Furniture retailers spend a great deal of time thinking about products.
New ranges. New materials. New designs.
The customer, however, is often evaluating more than the furniture itself.
They are evaluating the retailer. Whether they enjoy the experience, whether they would buy again, and whether they would recommend the business to family and friends.
Those decisions are not always influenced by one major moment. They are shaped by a collection of smaller interactions that take place throughout the buying experience.
Here are five ways furniture retailers can improve customer satisfaction on that journey:
- Customers See The Outcome
A customer does not see the stock allocation.
They do not see the warehouse. They do not see the transport planning.
What they see is whether the furniture arrived when expected and whether the experience matches what they were promised.
That is often where opinions are formed.
- Small Problems Feel Bigger To Customers
A retailer may see an inventory discrepancy.
The customer sees a delayed order. A retailer sees a stock allocation problem.
The customer sees a delivery date changing.
By the time a customer becomes aware that something is wrong, the cause is often sitting somewhere else entirely – like a stock issue, a fulfillment problem, or a breakdown in planning or operational efficiency that can eventually find its way to the customer, even if they never see what happened behind the scenes.
- Customers Remember The End Of The Experience
A lot happens before furniture reaches a customer’s home.
There are products to compare, decisions to make, measurements to check, and orders to place. Customers rarely judge the experience solely on the beginning; they usually judge it once everything is finished.
A beautiful showroom experience can quickly be overshadowed by a frustrating delivery experience.

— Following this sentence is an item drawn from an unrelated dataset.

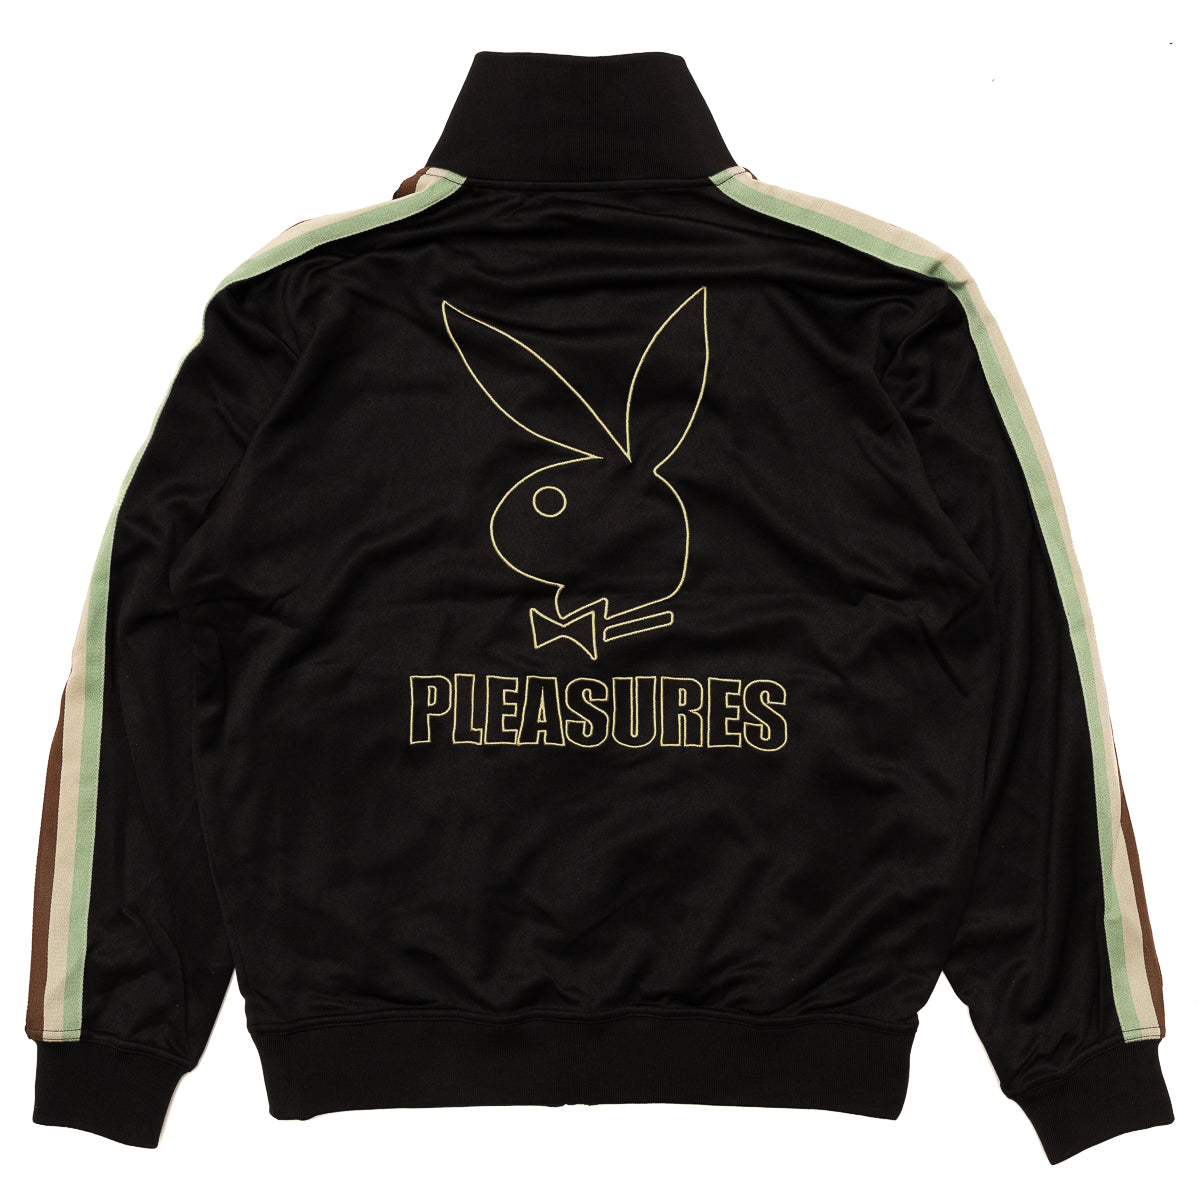 Pleasures x Playboy Wicked Track Jacket 'Black'

That is why many retailers choose a 3PL that offers white glove shipping.
Services such as appointment scheduling, room-of-choice delivery, assembly, installation, and packaging removal help create a smoother final experience for the customer.
- Good Communication Creates Patience
Customers are often willing to wait longer than you might expect.
What tests that patience is silence.
A delayed order with a clear explanation from the 3PL or retailer is usually easier to accept than an on-time order that nobody communicated about properly until the last minute.
Furniture purchases often involve weeks rather than days. That leaves plenty of time for customers to start wondering where things stand.
A lack of information creates far more questions than the wait itself.
- A Great Product Does Not Guarantee A Great Experience
Most furniture retailers have seen this happen.
The customer loves the furniture. The customer is less enthusiastic about everything else that happened around it. A delayed update, confusing communication, and a frustrating delivery experience.
Customers rarely separate those things from the purchase itself. Then often become parts of the story people tell when somebody asks where they bought their furniture.
To End
A customer may only buy furniture a handful of times over several years.
That tends to make each purchase a little more memorable.
Follow these five tips above to become one of the retailers that people speak positively about afterwards.
It is almost always these smaller details that retailers need to get right along the way.